* [Work to be completed] Each line of data below must be printed exactly as written, with any pictures removed.

* [Raw data]

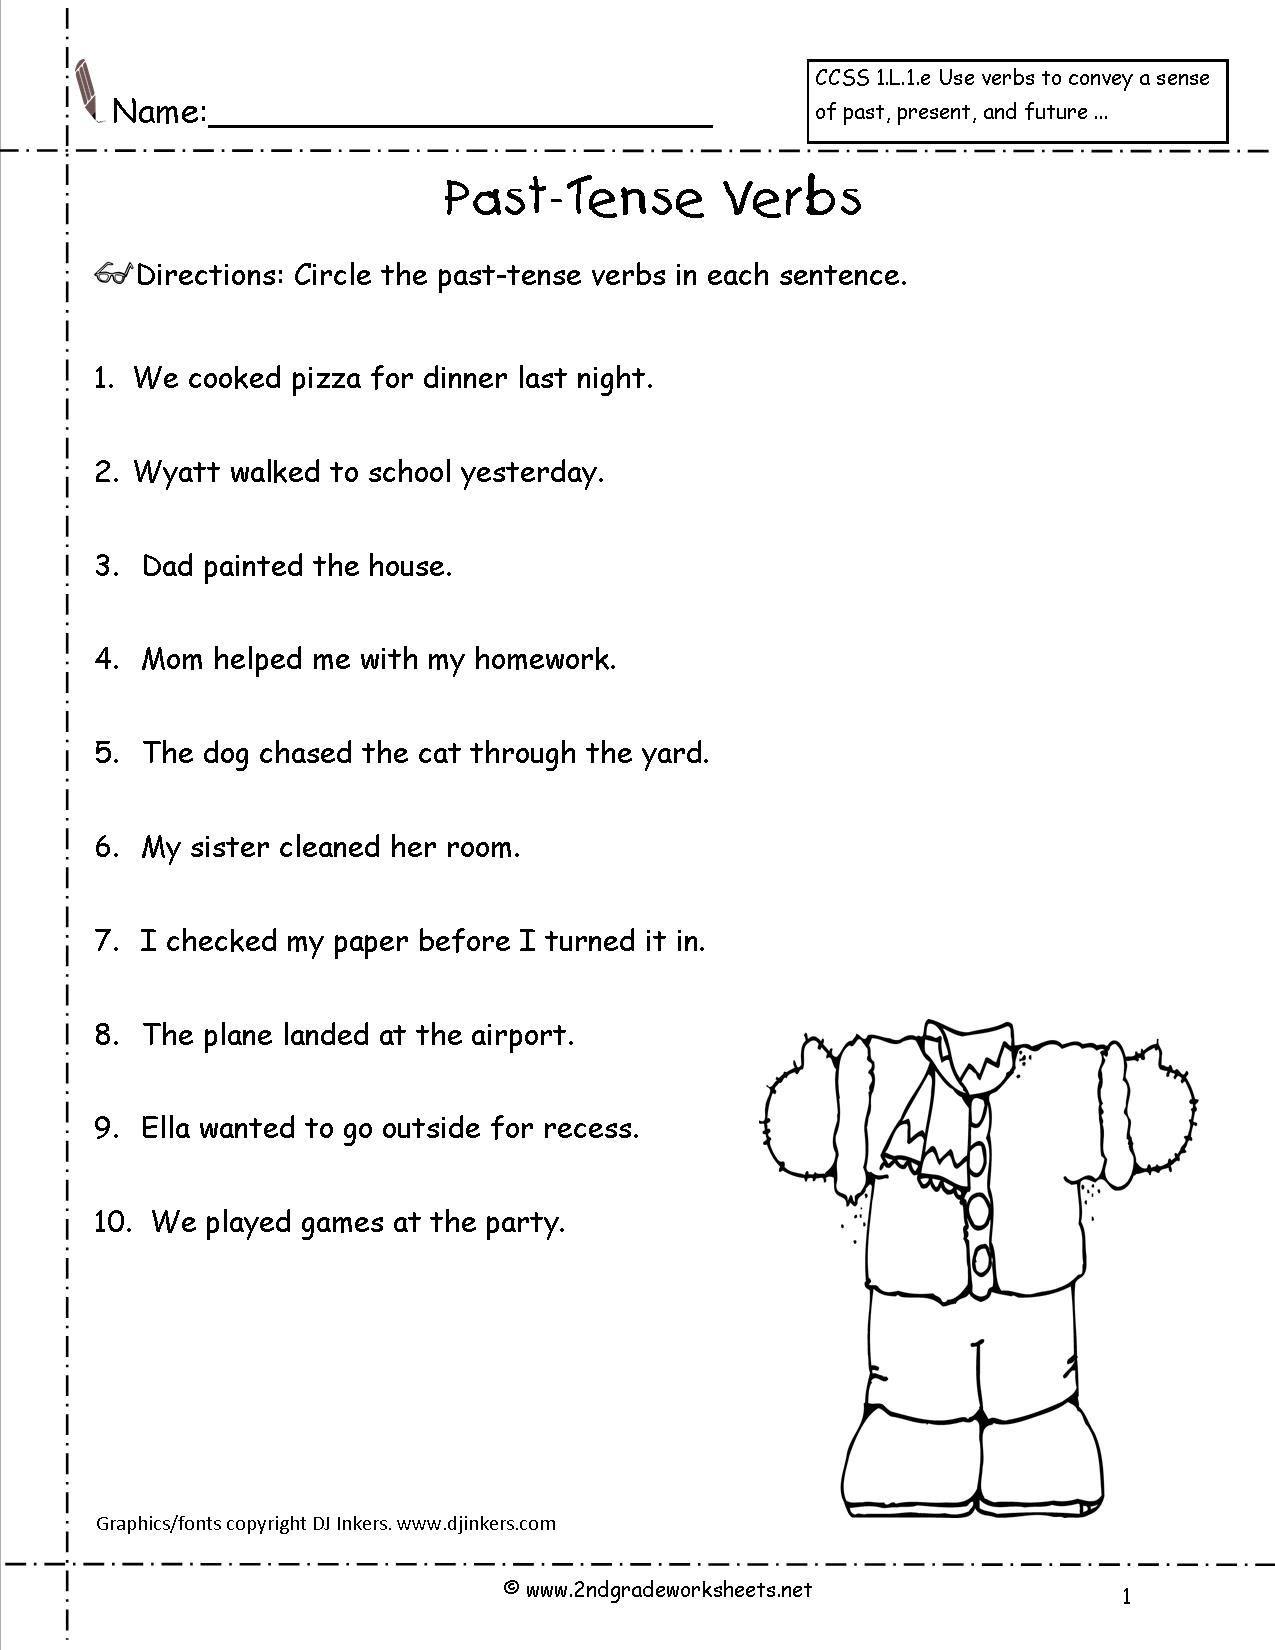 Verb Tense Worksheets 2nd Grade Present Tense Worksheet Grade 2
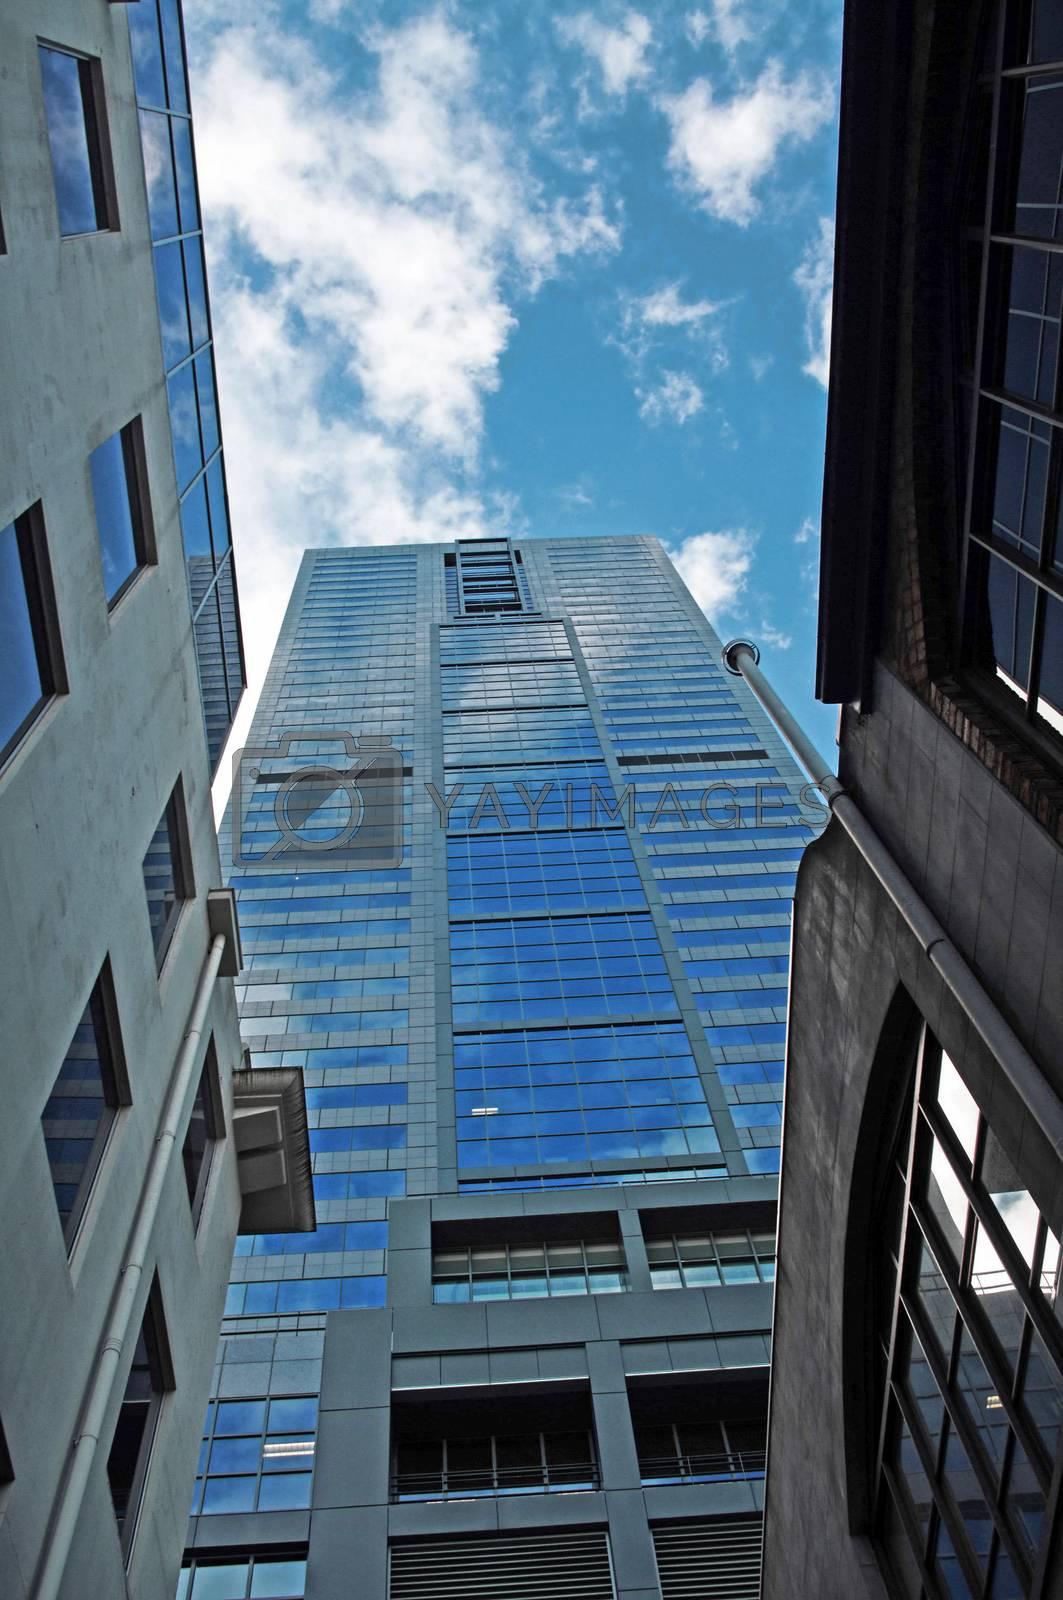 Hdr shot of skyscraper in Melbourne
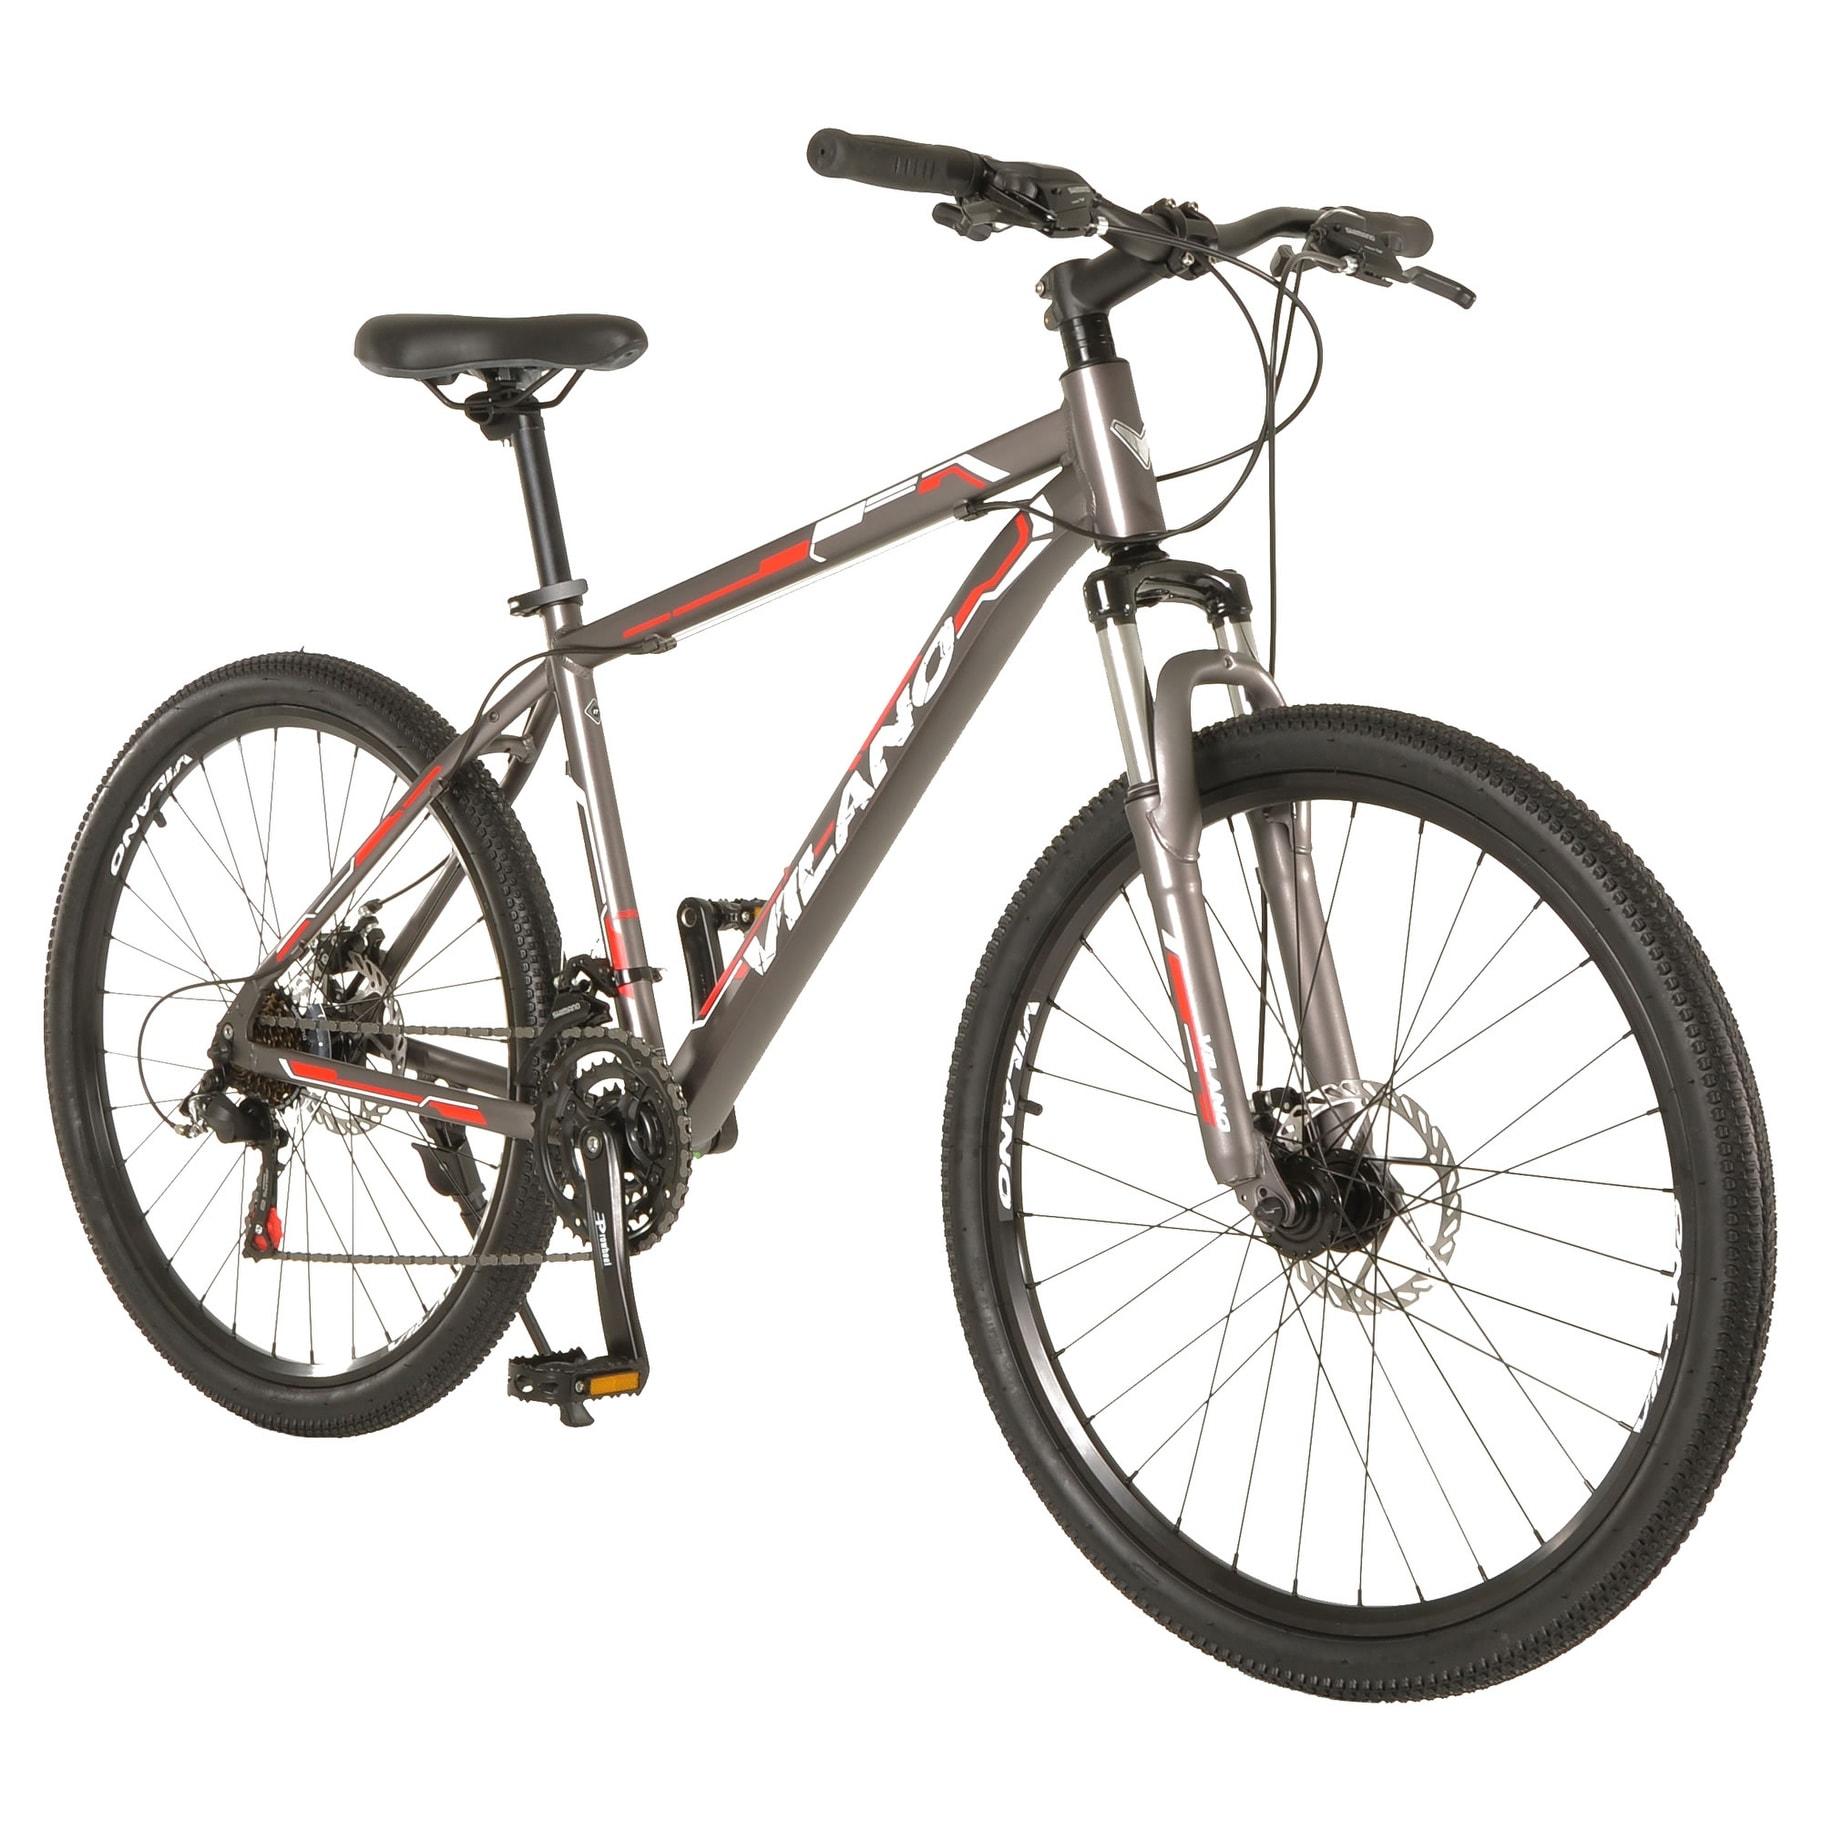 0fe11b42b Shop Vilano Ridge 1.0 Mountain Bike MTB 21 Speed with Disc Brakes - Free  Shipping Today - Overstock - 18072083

* [Task solution]
 Verb Tense Worksheets 2nd Grade Present Tense Worksheet Grade 2
 Hdr shot of skyscraper in Melbourne
 0fe11b42b Shop Vilano Ridge 1.0 Mountain Bike MTB 21 Speed with Disc Brakes - Free  Shipping Today - Overstock - 18072083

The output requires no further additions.